PARIS: Senior European officials fear that the worst terror attacks in over a decade on their soil could compound the social and economic problems which the eurozone is already facing.
Tourism in Europe accounts for more than 320 billion euros in revenue and 7.8 million jobs depend directly on tourism, 20 million indirectly. Travel and leisure companies are the worst hit in the aftermath of the Paris attacks.
The Euro Stoxx 60 Travel and Leisure index saw 2.6 billion euros wiped off its value immediately after the attacks and companies such as hotel group Accor plunged and Air France KLM saw shares plunge as much as 6%.
Vice President of European Central Bank Vitor Constancio predicted that the events would hurt investor confidence. “It can compound all the problems that we were already facing,” he said.
Its clear these sort of events do not help restoring confidence in the recovery, so this is something we will watch, Peter Praet, the ECBs chief economist, said.
Frances is the eurozone’s second largest economy and the worlds most popular destination for international tourists, attracting about 84 million visitors last year.
According the World Travel & Tourism Council, tourism accounts for around 9% of Frances gross domestic product (GDP) directly and indirectly and 10% of its total employment.
Economists say a serious damage to tourism would hit Frances struggling economy. Meanwhile, ramped-up security measures could disrupt business and dent consumer confidence, exacerbating the situation.

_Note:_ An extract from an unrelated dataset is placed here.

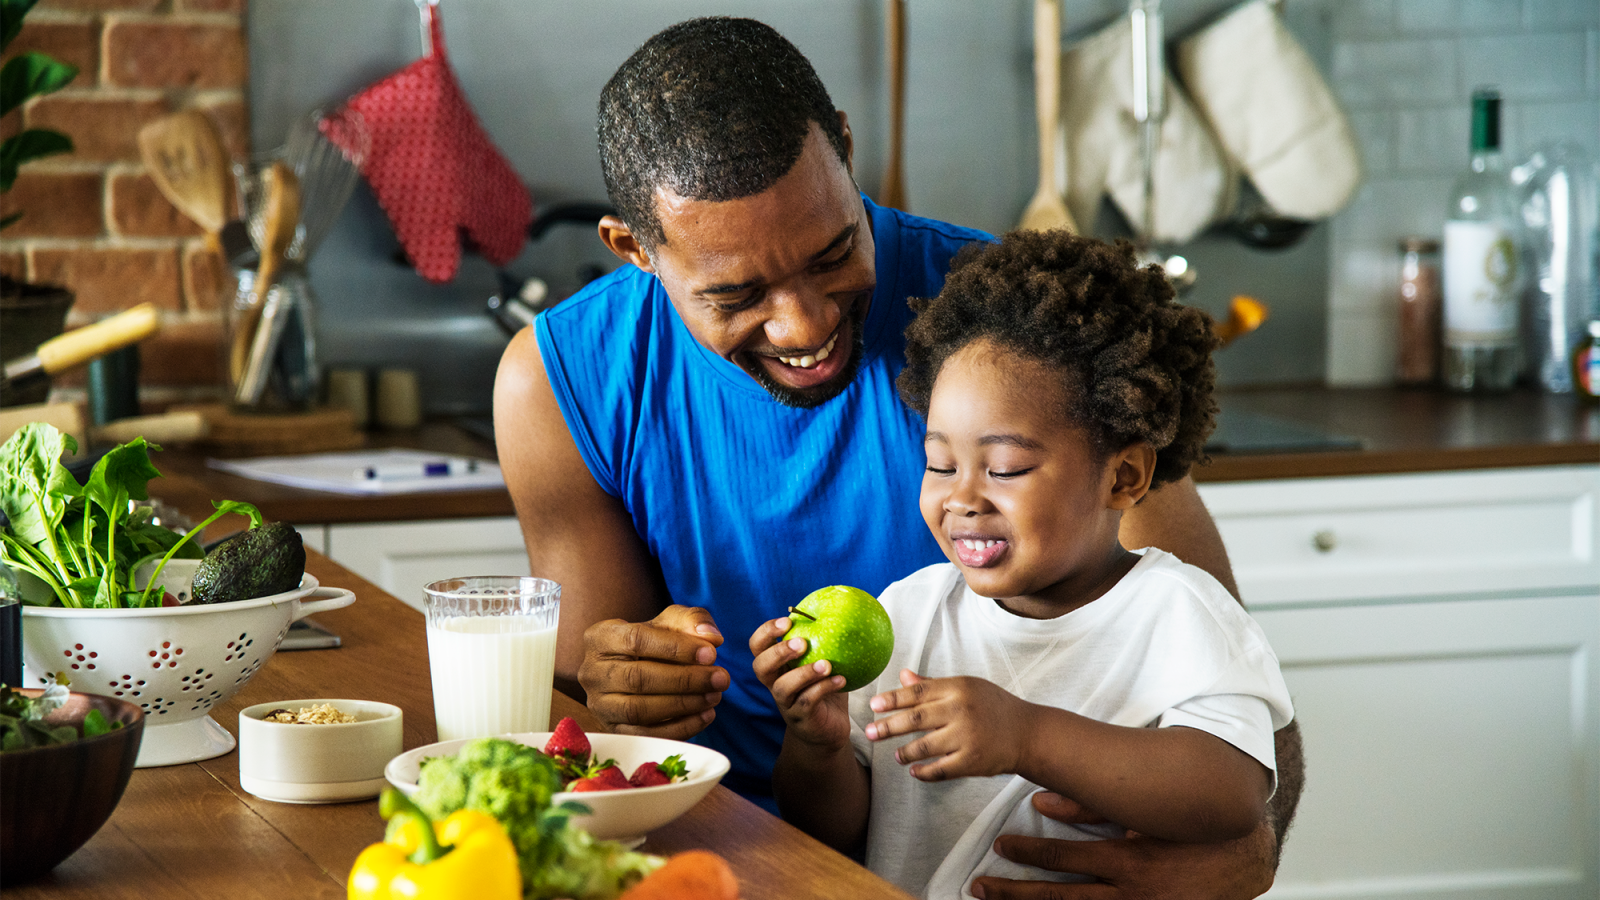 A father feeds his child fresh fruit as they both sit at the kitchen table.

President Francois Hollande has declared a state of emergency for three months and called for a temporary suspension of the Schengen free movement system.
The attacks came in the run-up to a festive season ahead of the New Year, leading to temporary closures of the Eiffel Tower and Disneyland Paris which normally draw multitudes of visitors.
There are reports of empty trains and planes on the way to Paris and full cars and cabins on the way out.
European officials are at great pains to play down the gloom, stating that the attacks are likely to have “transitory effect on the economy”.
“If there would be no further consequences, the impact would not be very significant,” Constancio said in Frankfurt.